One respondent suggested that in order to accommodate non-electronic verification of certificates, the term "device" should be selectively replaced by "means" (as in "signature verification means"). We strongly support this proposal; it addresses a number of other difficulties such as how an X.509 certificate might be considered to contain a `signature verification device' as in Annex I.

Finally, there is an inconsistency in the Directive in that Article 6 (1) (a) and (c) refer to the date and/or time of certificate issue while Annex 1 refers to the `operational period'. There is a possibility for confusion here as in the banking sector; for example, the issue date of a credit card frequently predates its operational period by some weeks. We suggest that all references should be to the `operational period' and let this be defined more precisely, if need be, by the contract between the user and the CSP.

Recognition, Accreditation and Non-discrimination

The German digital signature law sets out a number of criteria for CSPs. High technical security standards will impose high entry costs, which in turn will lead to certification services being provided by a small number of large organisations rather than by a large number of small firms. Many respondents argued that this is a bad thing. Firstly, large certifiers may abuse their position for anti-competitive purposes; this has been raised in the context of both pay-TV and browser vendors. Secondly, it would be more natural (and help public acceptance) if CSPs were organisations that people trust, such as the family lawyer or doctor, rather than a distant impersonal body such as the passport office or the phone company.

In many applications, local certification makes sense. For example, Europe's largest employer - Britain's National Health Service - manages personnel at the level of the individual hospital or medical practice rather than having a single central staff function. It would therefore be much more convenient to manage keys and certificates at this level rather than centrally, and this is what existing encryption pilots and projects do.

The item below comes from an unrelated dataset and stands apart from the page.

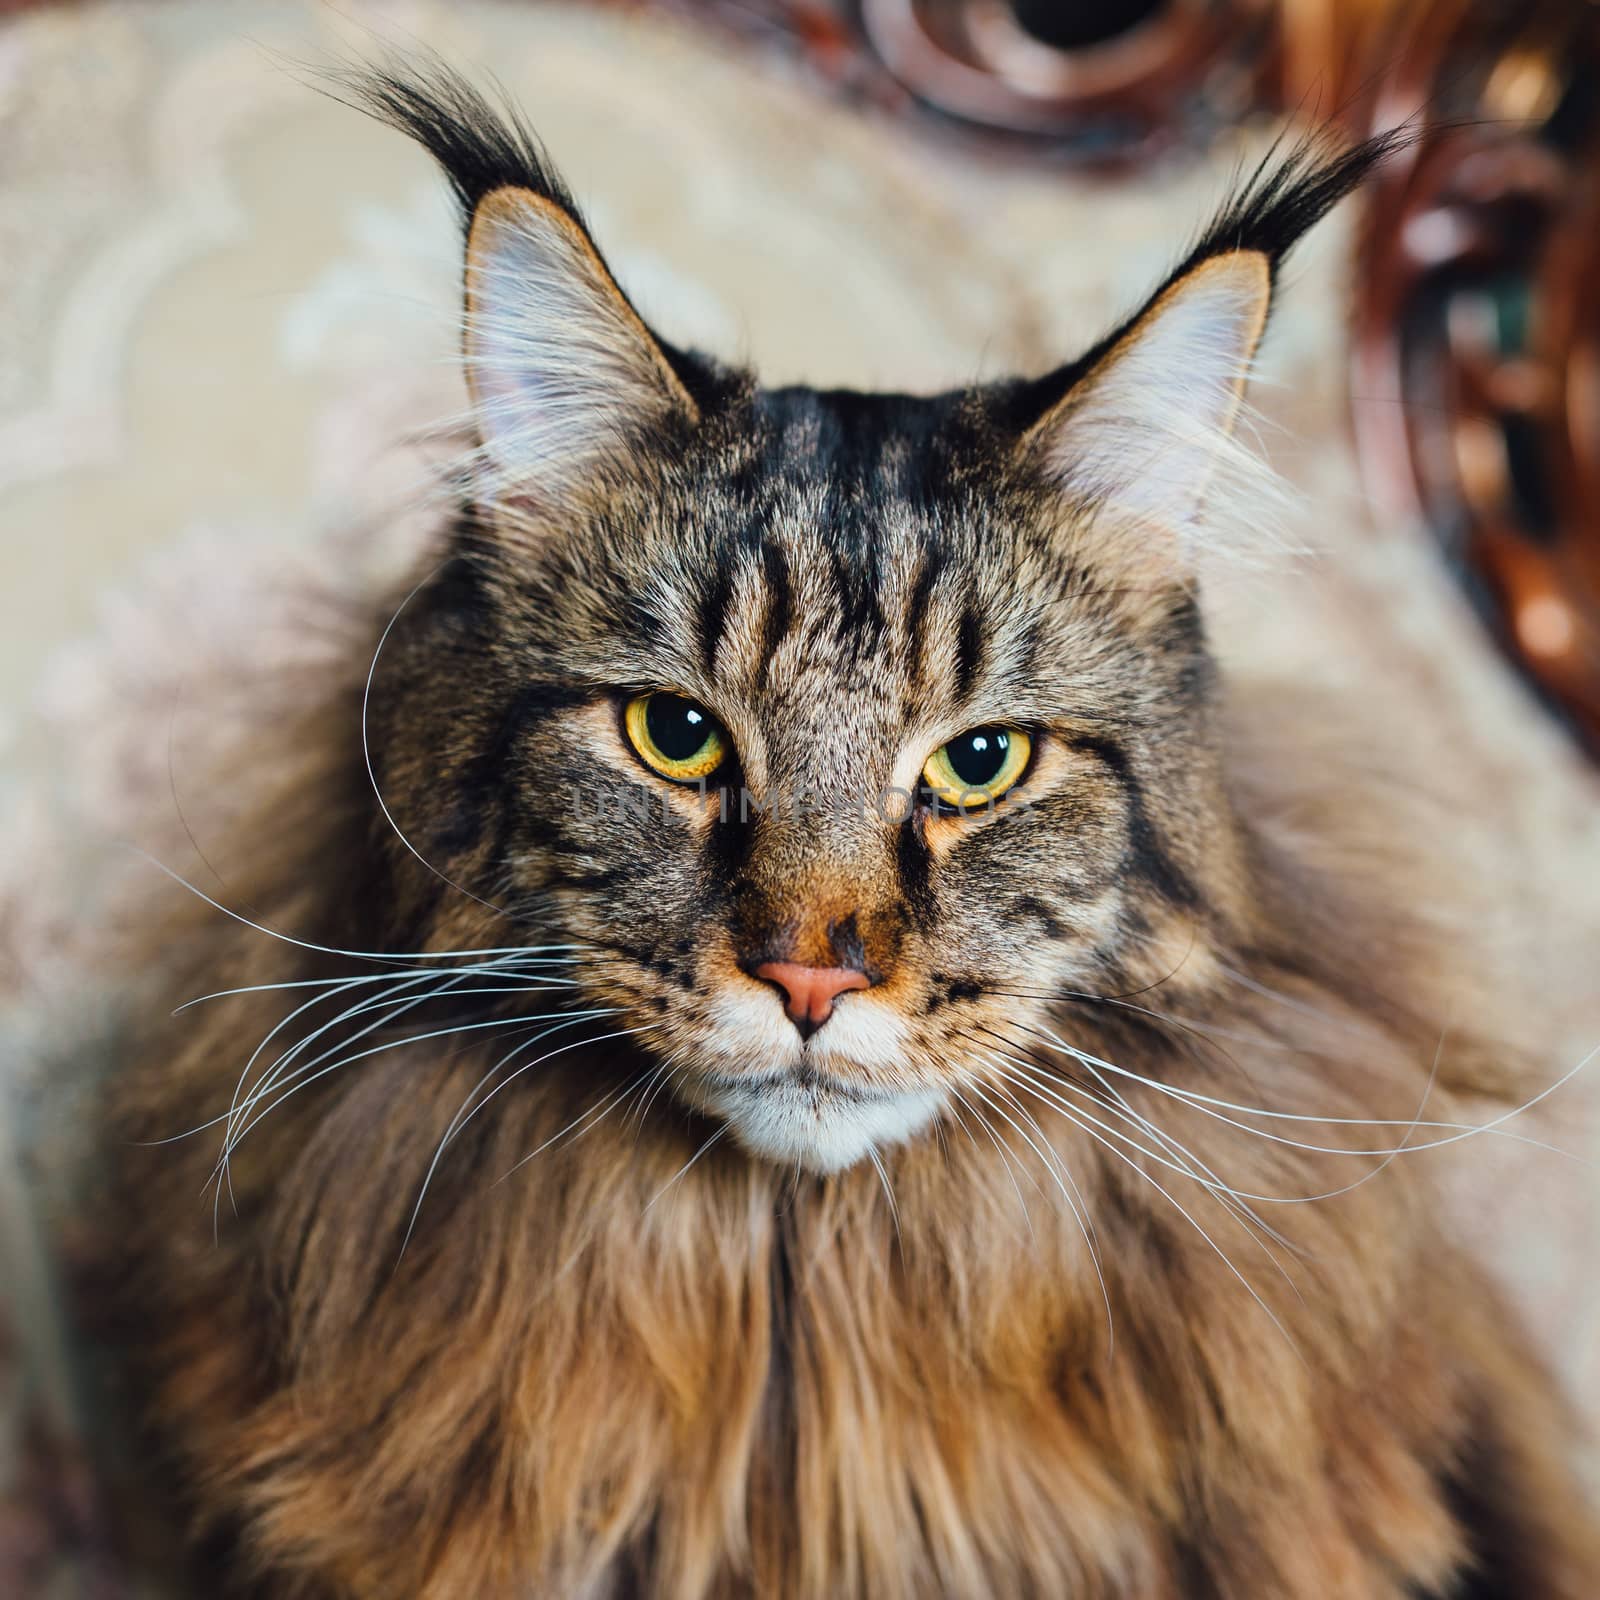 Maine Coon cat, close-up view

The prospects of 11,000 small certifiers alarmed some interests in government, which suggested one large centralised TTP, but this now appears to have been rejected, both on economic grounds and for reasons of professional control and confidence. Similar issues have already arisen in the context of the control of electronic tachographs, and one may also expect them to arise in other professional and commercial applications.

A frequently proposed compromise is to have a small number of large certifiers who manufacture the actual signatures, while a larger number of small registration authorities interact with the consumer. This is the arrangement that UK banks are developing for SET certification; the user will deal with his bank, which will outsource the certificate manufacture to a central, jointly-owned facility. This facility will be invisible to the user, whose contractual relationship will remain with the bank. It is also a possible solution in health care, where a central CA operated by professional bodies could be supported by local CAs or registration authorities in hospitals, clinics and medical practices.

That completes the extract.